Work to be completed: Only the lines of the data below from the one with "Givenchy Black logo shell jacket" through the one with "Handcrafted earring peacock" are wanted. Repeat them exactly.

┌─ Entries shown

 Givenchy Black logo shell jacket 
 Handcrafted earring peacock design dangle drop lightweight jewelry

└─
┌─ Entries shown

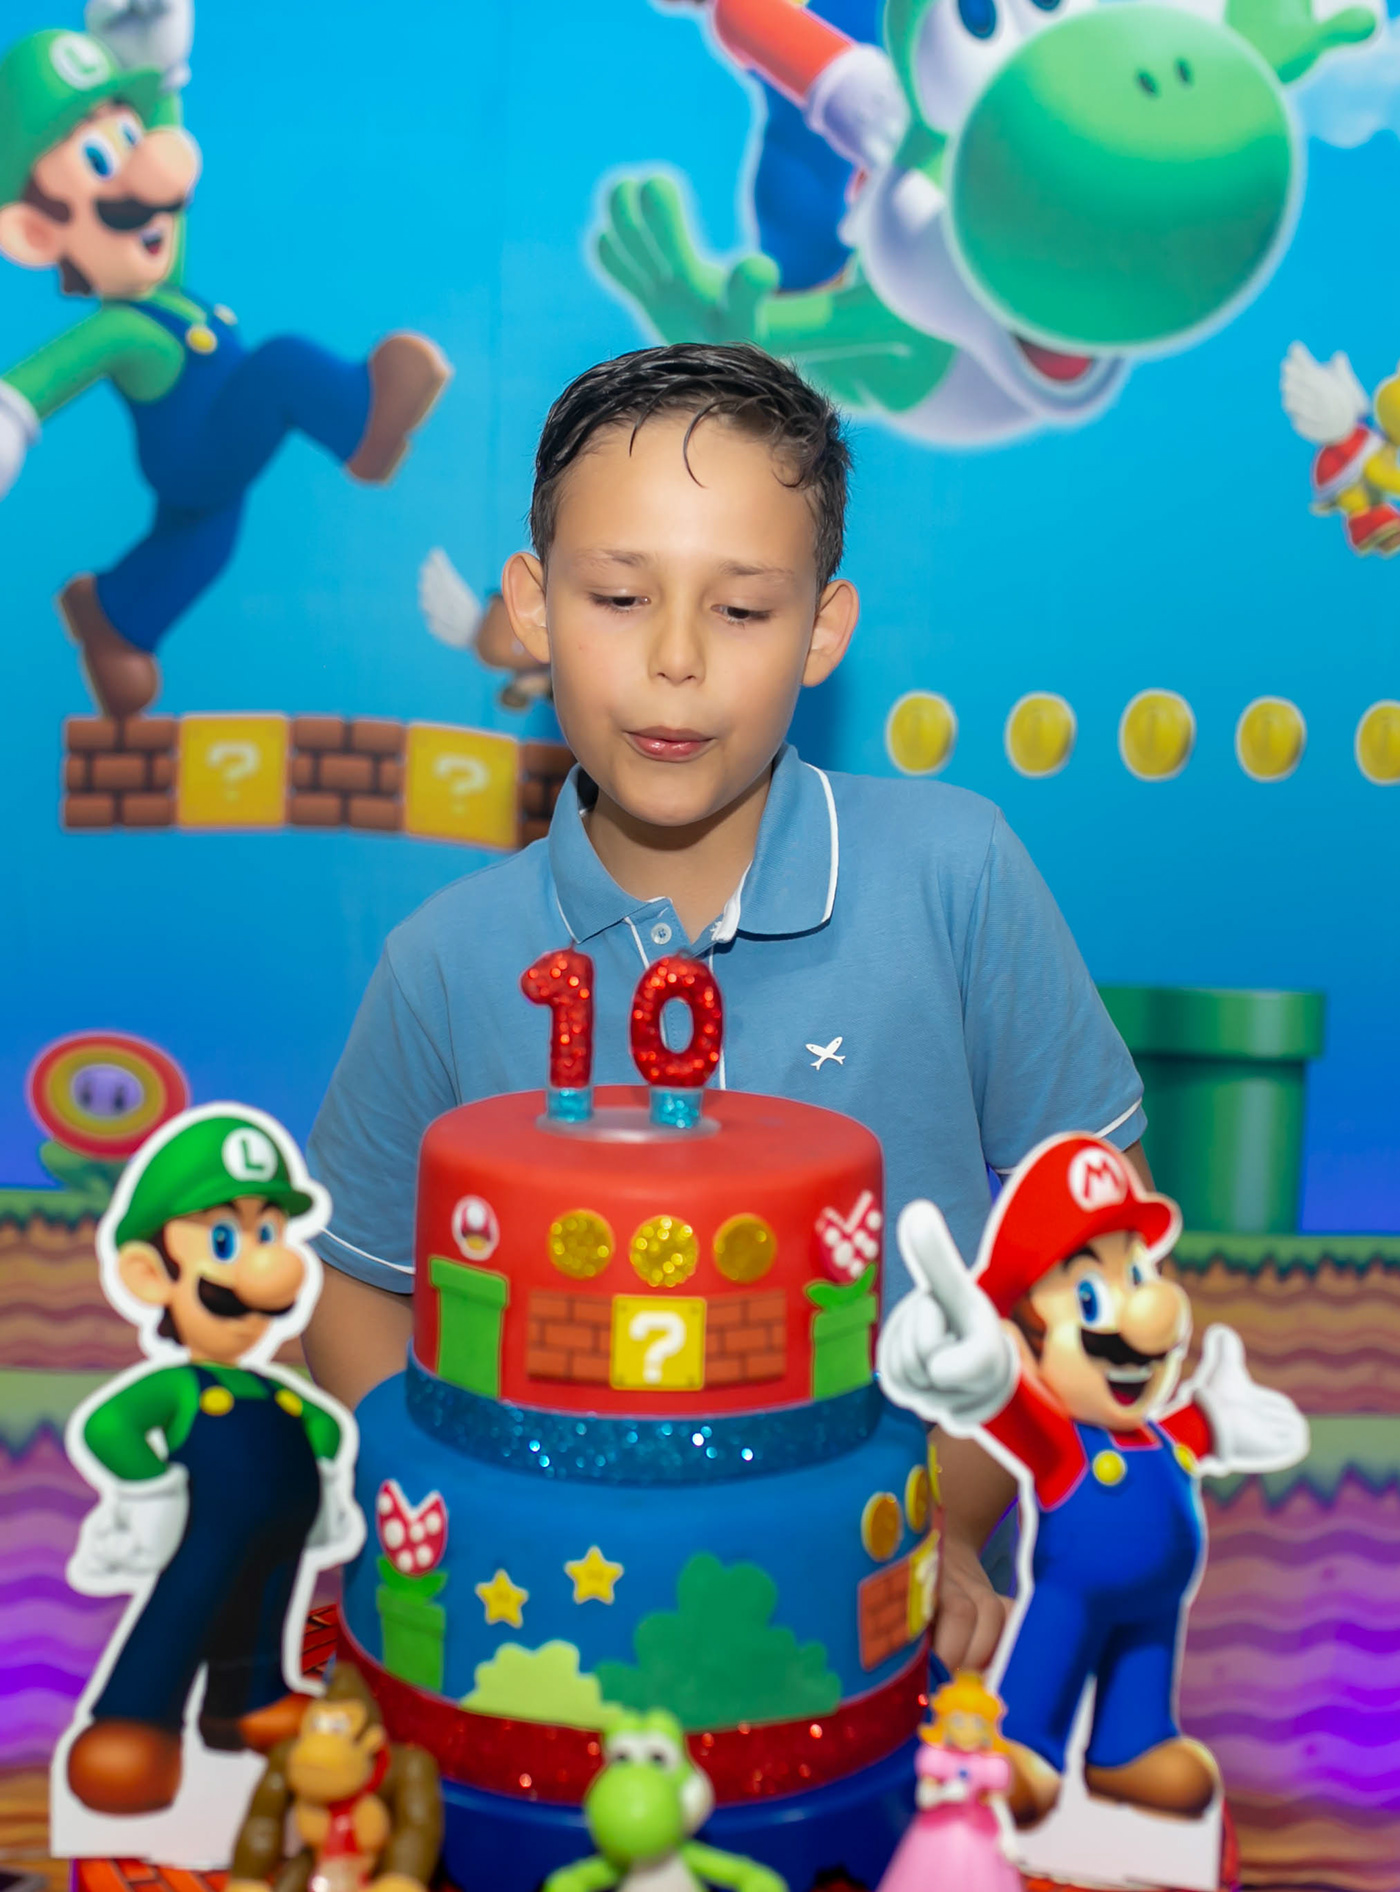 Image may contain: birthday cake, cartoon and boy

└─
┌─ Entries shown

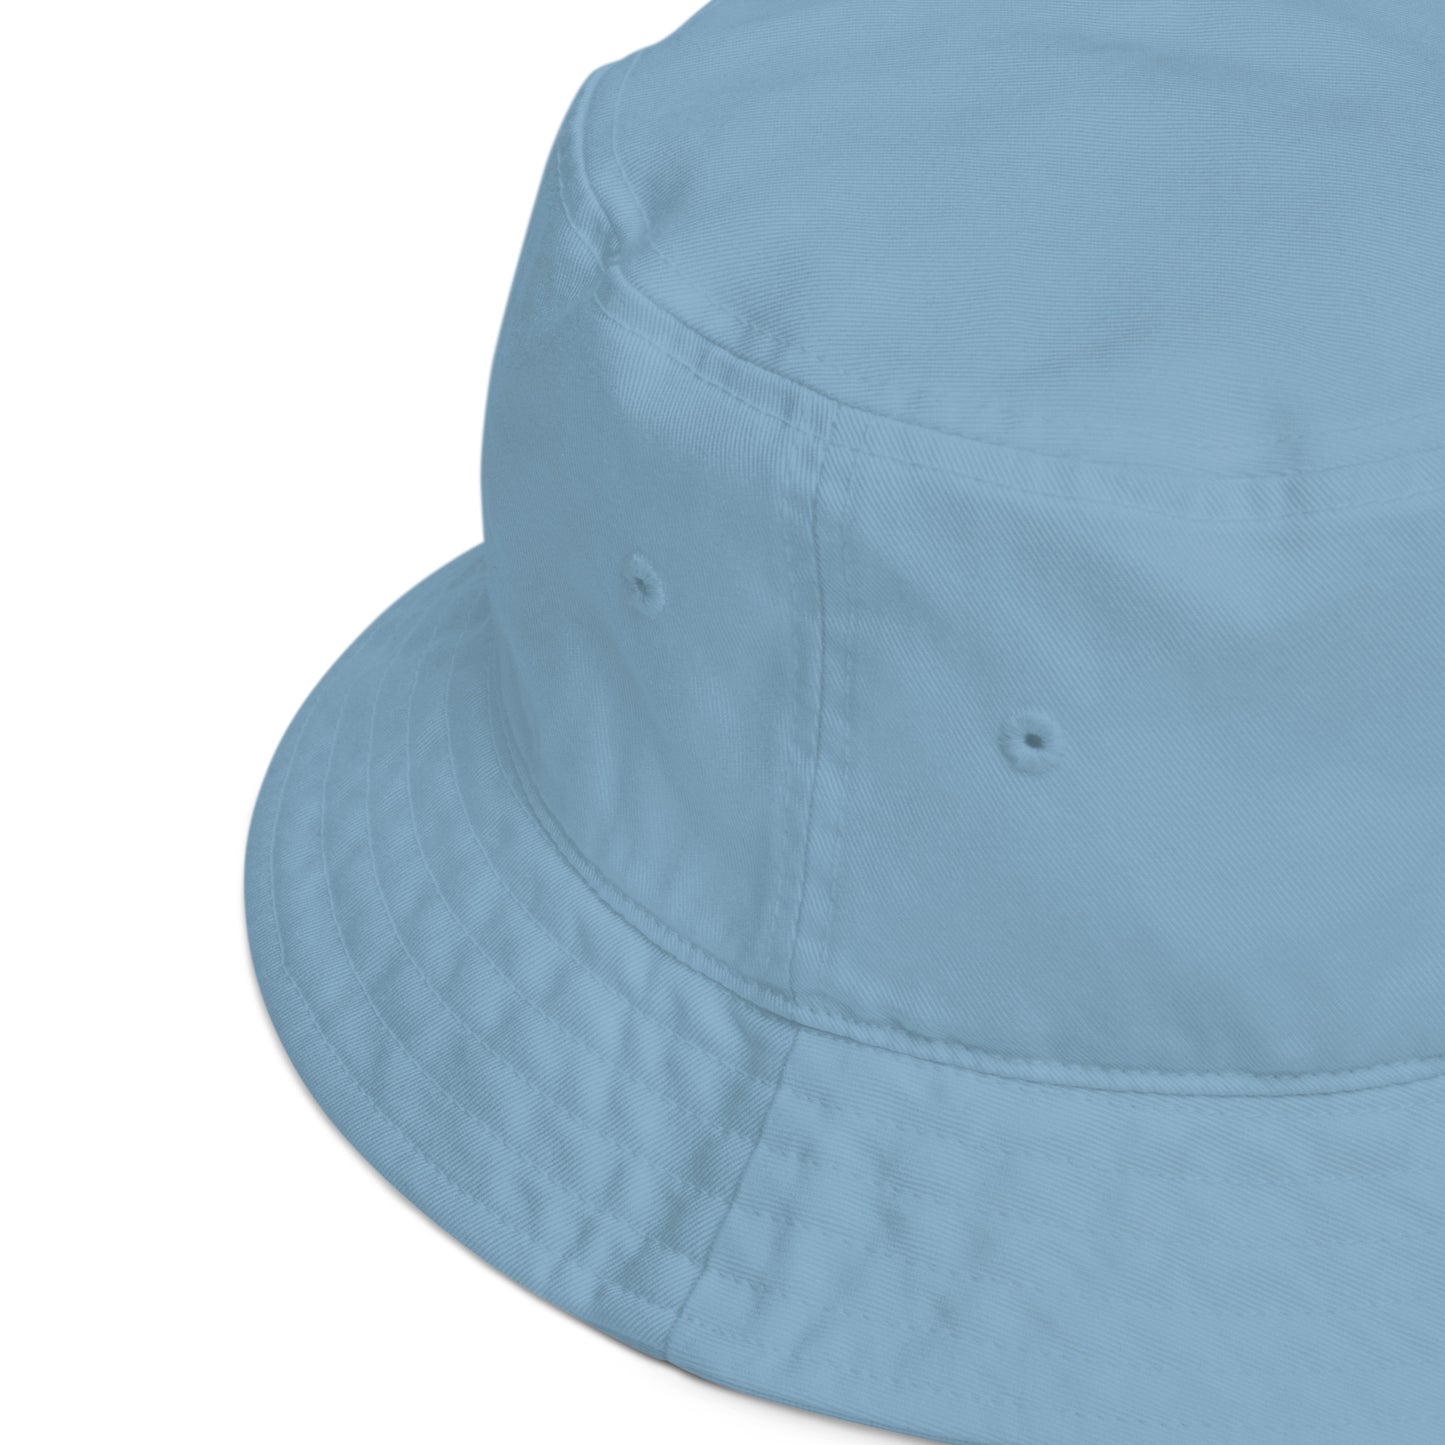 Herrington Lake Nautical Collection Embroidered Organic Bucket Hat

└─

Response box:
 Givenchy Black logo shell jacket 
 Handcrafted earring peacock design dangle drop lightweight jewelry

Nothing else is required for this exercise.